The primary basis of the electrochemical disinfection method is the oxidation ability of disinfectants in the electrode layer or the bulk of the electrode (Bruguera-Casamada et al., 2016; Ghernaout, 2017). This disinfection method is characterized by the production of intermediates, and it is grouped into two categories: direct anode oxidization, and indirect product oxidation. The transfer of electrons between the electrode and the target material without using poisonous chemicals and other organic molecules is the basis of inactivation when direct anode oxidation is performed. In contrast, concentrated saline solution is needed for anode oxidation, and therefore the accumulated molecules and ions (e.g., H2O and Cl) at the electrode are oxidized for the formation of chlorine-active substances (for instance, Cl2, HOCl, and ClO3) as well as oxygen-active substances (e.g., oscillation of [O(3P)], H2O2, O3). To oxidize and remove the target substance, intermediate products are critical in transporting the electrons from the target material to the surface of the electrode (Panizza and Cerisola, 2005; Santana et al., 2005; Yang et al., 2018; Jung et al., 2020). The main cause of the inactivation of microorganisms when electrochemical disinfection is employed is damage to the intracellular enzyme system of the microbes (Long et al., 2015).

Boron-doped diamond electrodes have also been employed as a disinfectant in a sequential electrocoagulation-electro-oxidation treatment system for the removal of viruses in water. Bacteriophages MS2, ΦX174, and human echovirus were reduced from the positive simulation effect in the physical decrease of coagulation-filtration, ferrous iron-based disinfection, and electro-oxidation disinfection (Heffron et al., 2019). Tu et al. (2021) reported the inactivation of SARS-CoV-2 virus in Na2CO3 aqueous solution using nickel foam as both cathode and anode. Inactivation rates of 95, 99, and 99.99% at 5 V were recorded within just 30s, 2 min, and 5 min, respectively. The inactivation rates were attributed to oxidation and degradation of the receptor binding domain (RBD) of the SARS-CoV-2 spike glycoprotein by the NiOOH anode surface formed in situ during the electrolysis.
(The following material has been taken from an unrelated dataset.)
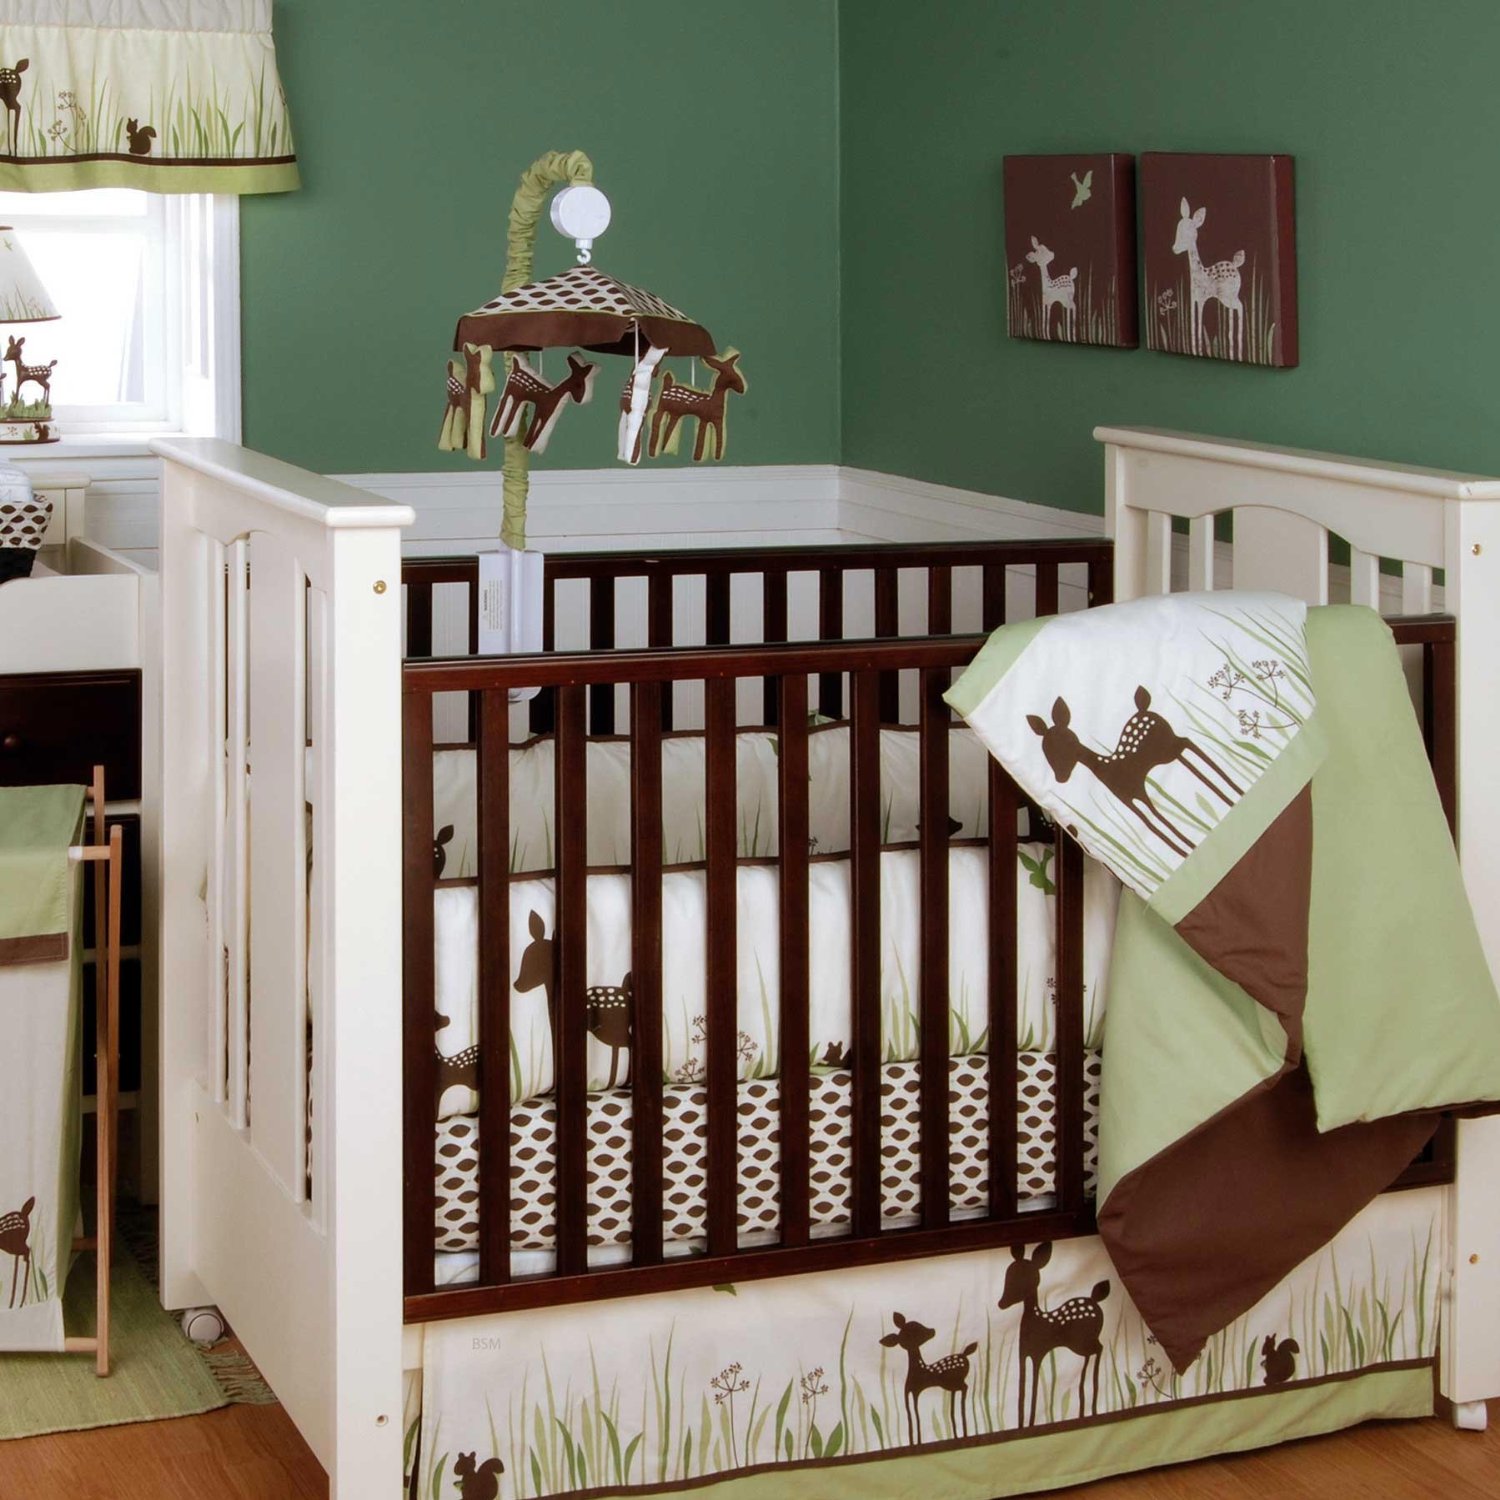 White Painted Crib Fresh White Painted Baby Boy Crib Bedding Integrating Brown Splash Covering The Railing With Animal Pattern Kids Room Enchanting Baby Boy Crib Bedding Applied In Colorful Baby Room

Even though viruses are smaller and less complex physically than bacteria, they resist electrochemical treatment more strongly, limiting the method’s utilization, thereby necessitating further research (Drees et al., 2003; Chen et al., 2021b). Much attention has not been given to DBPs formation from electrochemical disinfection; however, some researchers now explore the possibility of by-products generation from electrochemical disinfectants and their possible toxicity levels (Jasper et al., 2017; García-Espinoza and Nacheva, 2019). Disinfection by-products that are produced during chemical disinfection processes might also be produced during electrochemical disinfection treatment depending on the electrode material used and applied voltage (Ghernaout, 2017).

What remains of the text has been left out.